А по старшинству, Хаим был самым старшим?
Хаим был самым старшим. А после него был мой отец, потом были Голделе и
Рухеле, а потом был этот, который уехал в Аргентину.
А примерно годы рождения вы знаете?
Отец был 98-го года, Хаим был лет на 8 старше, я его помню хорошо, он к нам
приезжал, они все к нам приезжали, я все это помню. А эти, Двойра и Голда
были моложе лет на 8, старше была Голда, потом Двойреле.
Иосиф Абрамович, вы говорили, что семья была религиозная. Дети получили
религиозное образование?
Нет, никто из них.
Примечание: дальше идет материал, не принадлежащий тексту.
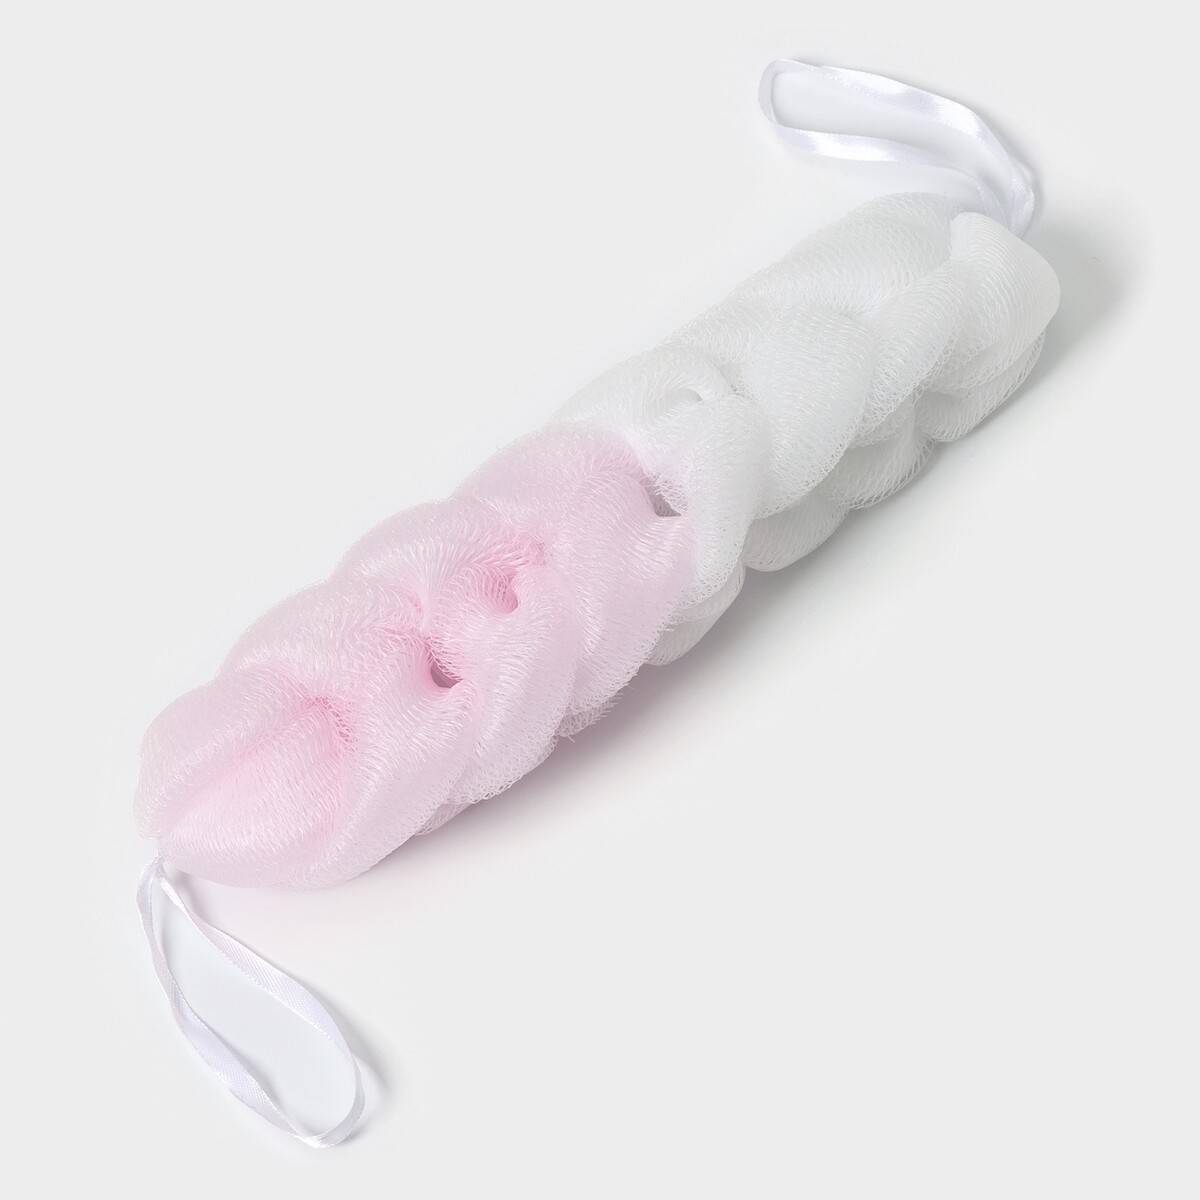 Мочалка - косичка для тела cupellia spa, 70 гр, цвет бело-розовый мочалка брикет для тела

Ну, как, религиозное образование?
Хедер?
В хедер они ходили, да. А девочки не были религиозные такие, нет, я не помню
такого. Обычная светская жизнь, и все.
А кроме хедера, какое образование дали детям бабушка и дедушка?
Высшего образования ни у кого не было, среднего специального тоже не было.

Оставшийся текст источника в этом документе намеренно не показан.